# Kindle fire hd



## kobowm (Jun 10, 2011)

My wife just won a kindle fire HD and I see no ROMs for it. Can I use the kindle fire ROMs on the kindle fire HD?

Sent from my Galaxy Nexus using RootzWiki


----------



## Sicklysuite (Jul 2, 2011)

kobowm said:


> My wife just won a kindle fire HD and I see no ROMs for it. Can I use the kindle fire ROMs on the kindle fire HD?
> 
> Sent from my Galaxy Nexus using RootzWiki


I'm gonna go out on a limb and say... nope. The reason I say that is because the KF and the KFHD probably don't share the same kernels...

Sent from my Galaxy Nexus using RootzWiki


----------



## swieder227 (May 5, 2012)

Not certain, but highly recommend against it. It's not the same hardware, it will probably brick your tablet.
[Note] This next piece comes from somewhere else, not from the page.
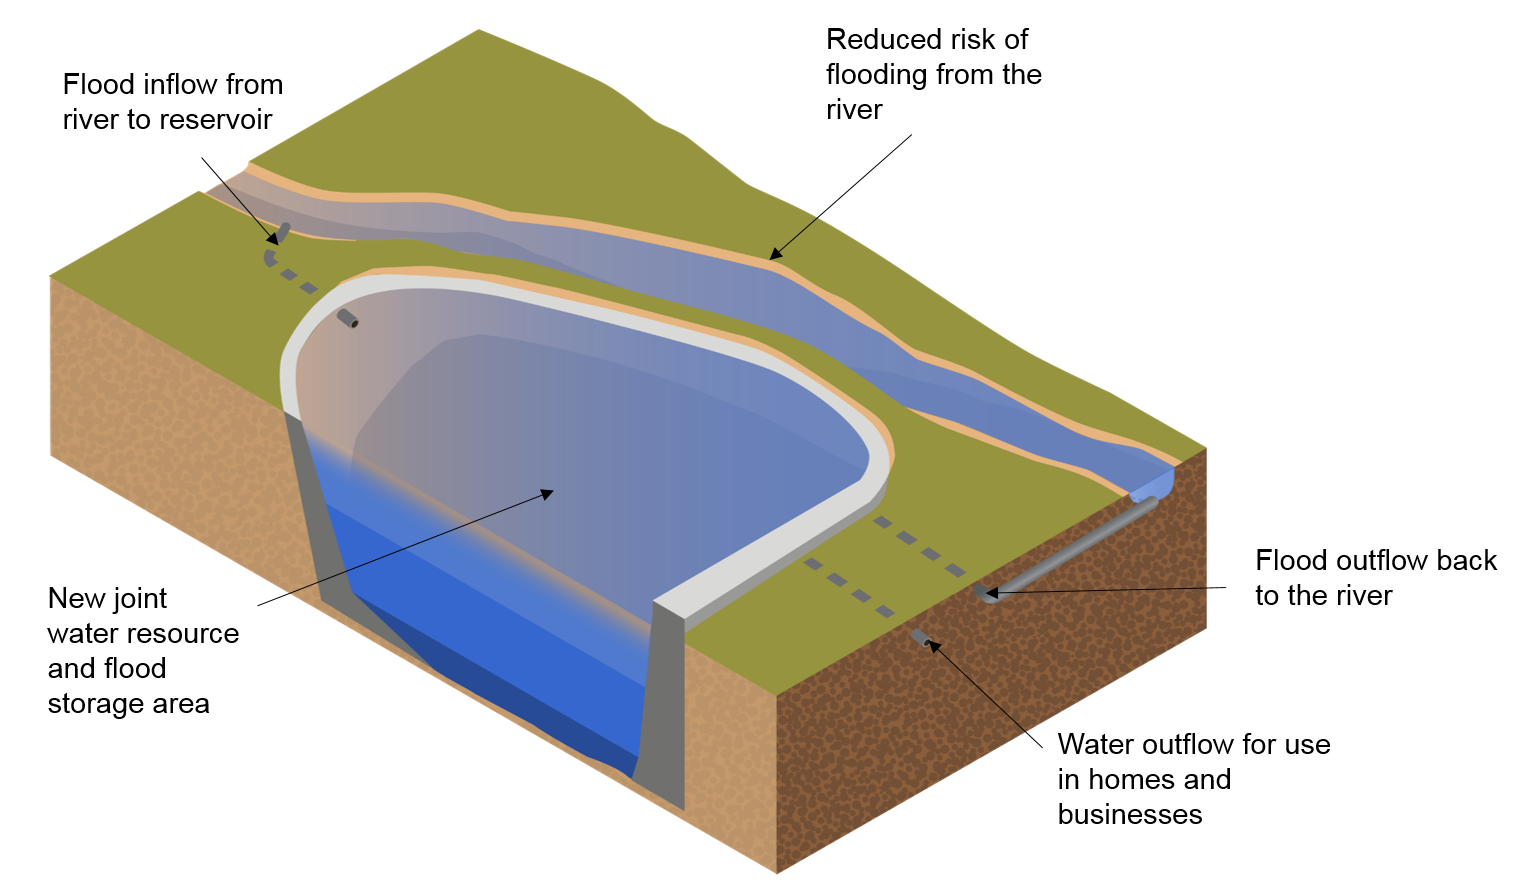 There is a river running from left to right of the image. At the top section of the river, water is diverted away from the river to a large reservoir nearby. At the bottom of the reservoir there is a water outflow for use in businesses and homes and a flood outflow to control water back to the river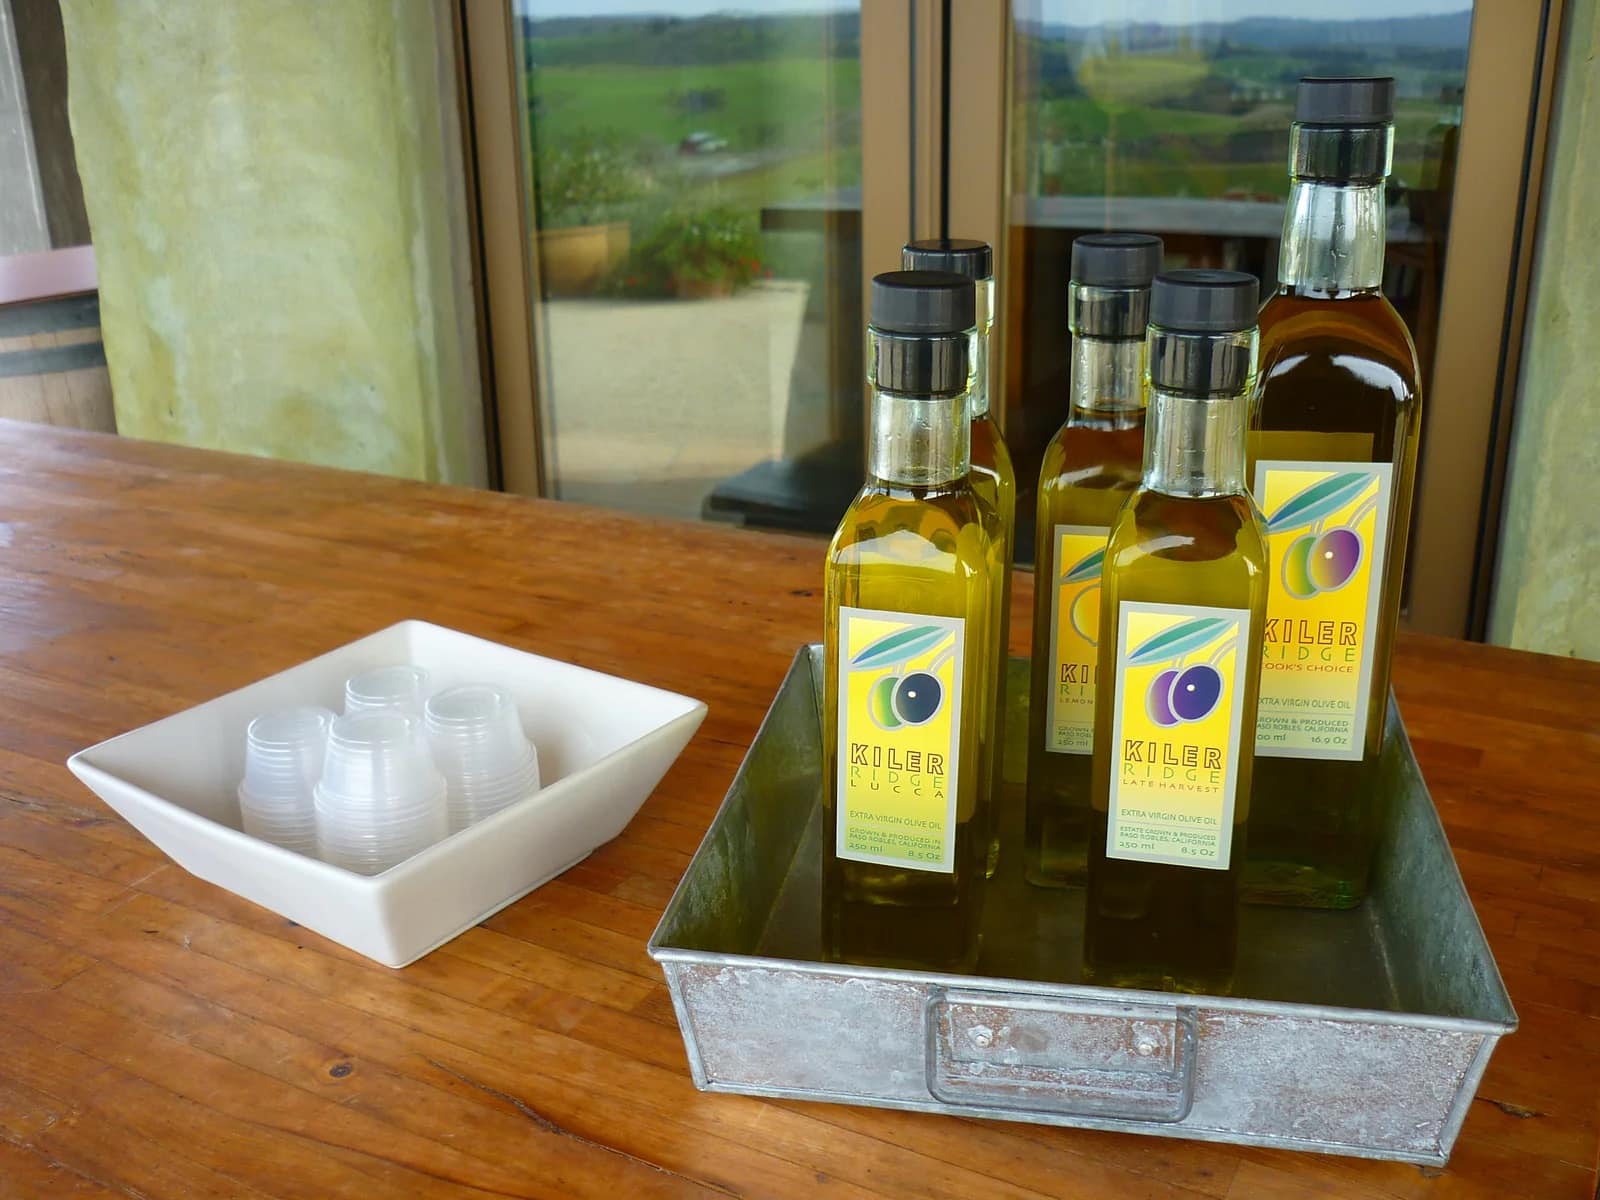 Bottles of Kiler Ridge extra virgin olive oil displayed on a wooden table with a scenic view of the rolling hills of Paso Robles in the background

Sent from my CM10 SGS3 via Tapatalk


----------



## colt223 (Apr 19, 2012)

There are no stable ROMS yet, but CM10 is in the works right now. Rev Kyle has CM10 running on his Fire HD, but it still needs work before I would try it, since there is no custom recovery yet to restore if your Fire HD goes nuts, it would be a brick. Definitely do NOT use regular Fire ROMS, they will not work. And no custom recovery to load or restore yet.
There is fairly easy root access already, I got my son a Fire HD for Christmas, and rooted it before I gave it to him. ES File Explorer works great for sideloading apps.

Root thread here, I did both steps and it worked great.
http://forum.xda-dev...d.php?t=2035334

CM10 thread here:
http://forum.xda-dev...d.php?t=2029826


----------